Kici to ja muszę z moimi chłopakami pogadać coby kontrolowali swój język bo czasami jak są na górze to coś im się wymsknie niecenzurowanego :no: no i mój chłop też święty nie jest jeśli chodzi o słownictwo tylko znając jego pracę to pewnie na chwilkę wleci coby was poznać no i może jakiegoś griila rozpali ale najwyżej Kuba zwróci mu uwagę ;-)

Isabela i jak ciacho wyszło ? Z żelazkiem się przeprosiłaś ;-) Super że z W na siatkówkę się wybraliście zawsze to czas spędzony razem ;-)

Aniam z tym skrobaniem to trochę zejdzie;-) od dzisiaj zaczynam kury intensywnie dusić, miło do nich gadać i zobaczymy co z tego wyniknie :-D ale dzięki jak by co to cię wykorzystam ;-)

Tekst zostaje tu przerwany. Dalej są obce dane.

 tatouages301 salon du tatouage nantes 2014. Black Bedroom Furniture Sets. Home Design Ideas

Elvie żyjesz zapracowana kobieto :tak:

Anna to imprezę dzisiaj robisz;-) rzeczywiście jakoś szybko przeleciało i oczywiście &&&& zaciskam coby Wiktor jeszcze posiedział grzecznie w brzuchu :tak: U mnie basen odpada własnie ze względu na dolny odcinek kręgosłupa i przepuchlinę którą tam mam :no:

Kittek trudna sytuacja :-(&&&& za T nadal trzymam.Jeśli chodzi o Maję to dodatkowa konsultacja na pewno wiele wyjaśni i uda coś się zaradzić.

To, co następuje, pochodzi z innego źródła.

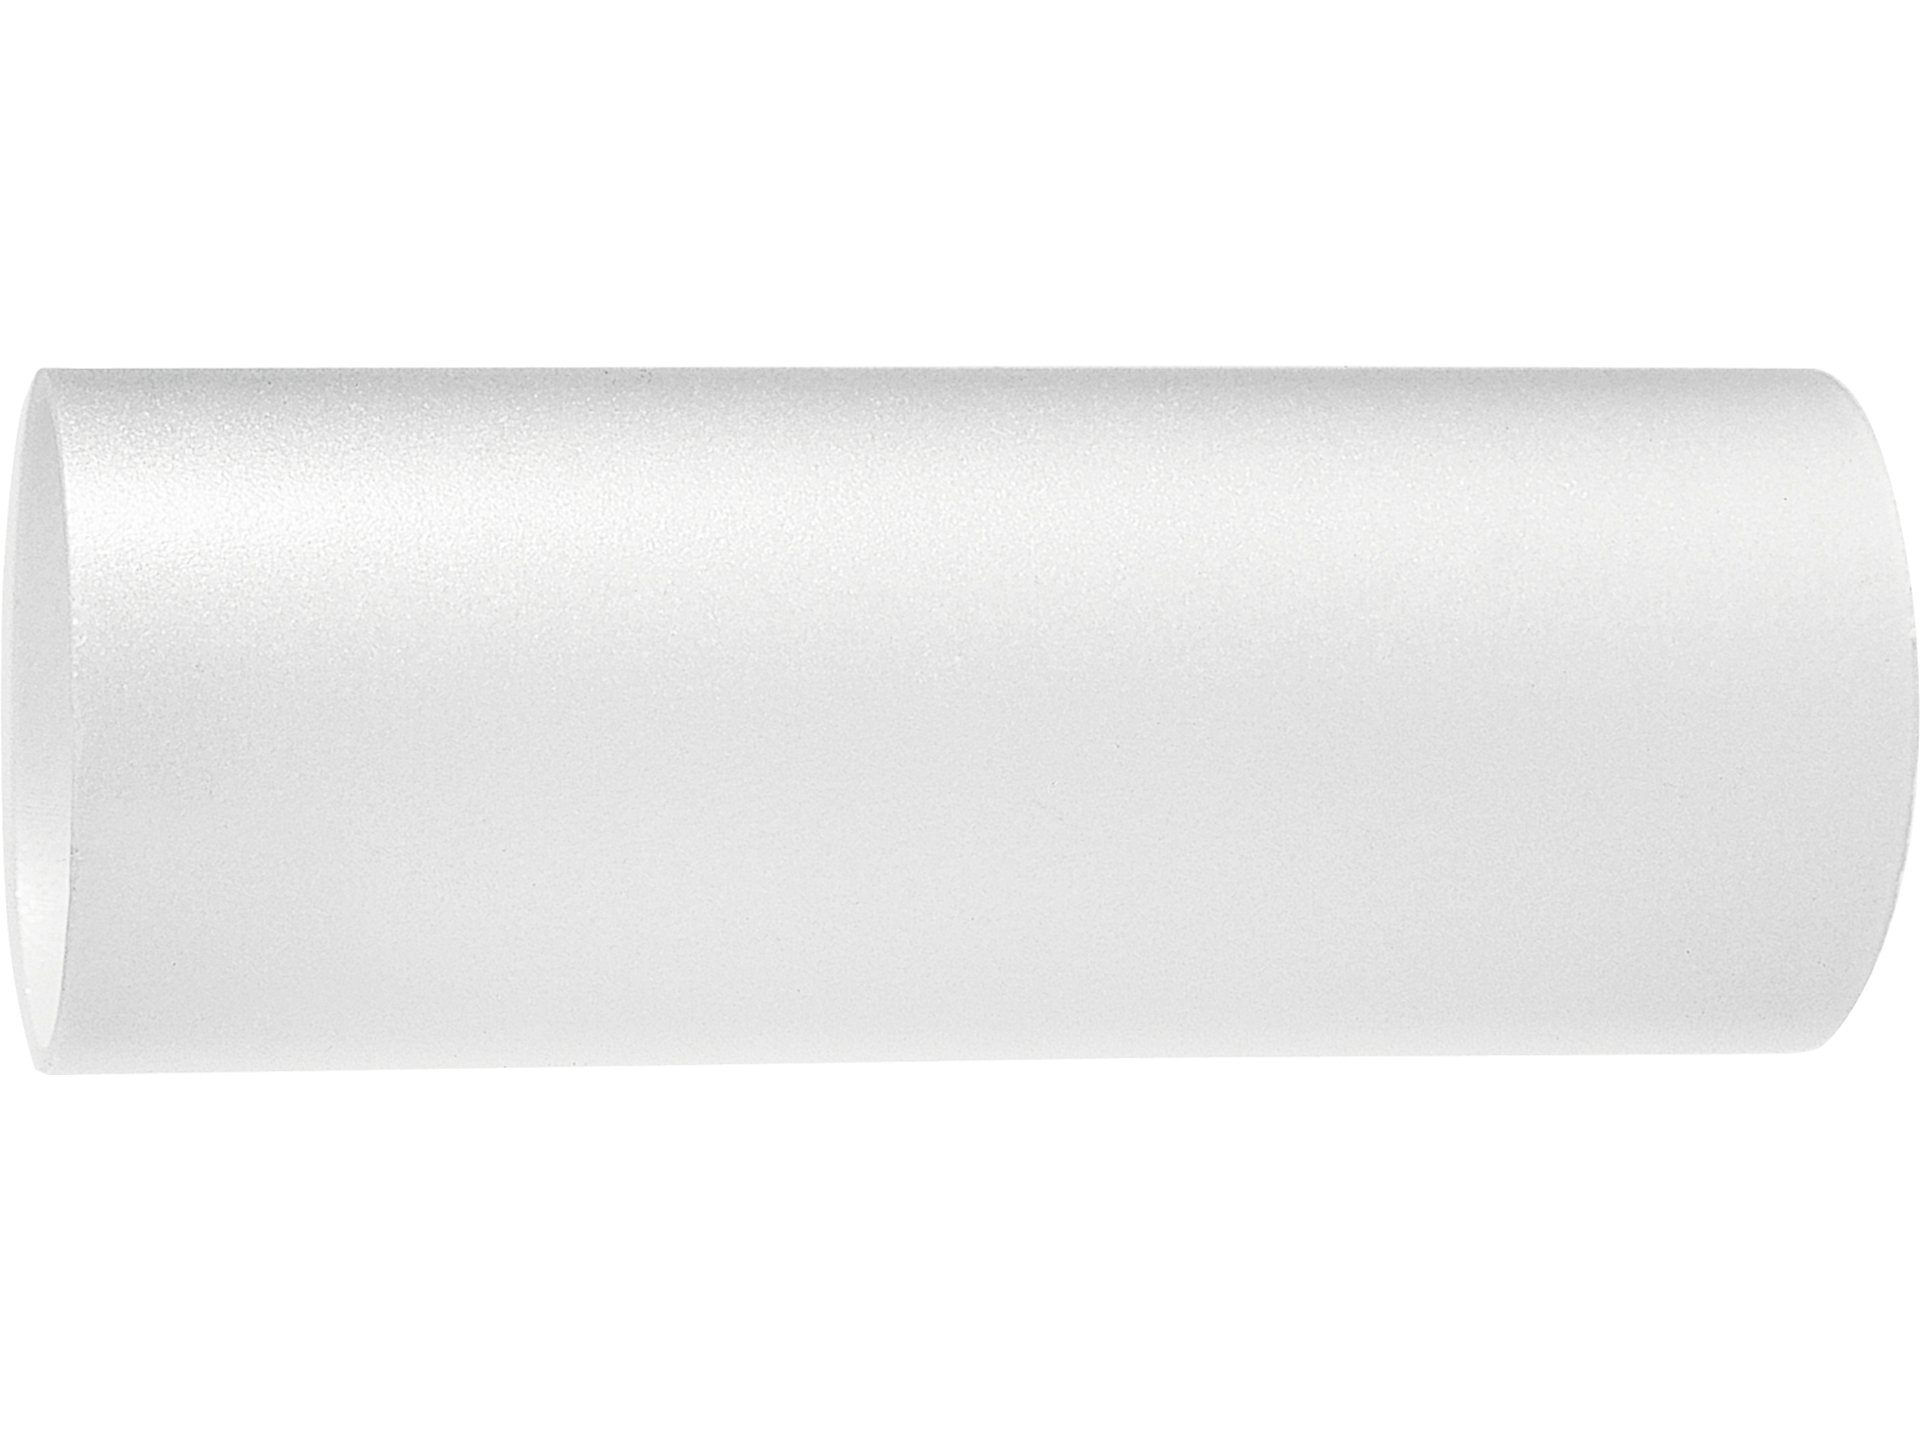 Cool Acrylglas XT Rundrohr, farblos online kaufen | Modulor UL42

basia super że karmienie nocne wyeliminowane :tak:

Helenka w końcu wstała ;-) domaga się bułki z masłem więc zadzieram kiecę i lecę do sklepu :-)

Miłego dnia
 
reklama
gosienka - no wiesz, jak Q nie ma w pobliżu to i ja ja potrafię bluzgać... praca księgowej w korporacji ma swoje wady :-) a tak jak napisałaś, najwyżej jak Q coś usłyszy to im palcem pogrozi i powie im, że nie dostaną mamby :-D to jego ulubiony tekst. raz coś mi upadło (a jemu zabraniamy rzucać przedmiotami) spojrzał na mnie z powagą i powiedział: mama gapa, nie uważa, nie dostanie mamby bo była niegrzeczna.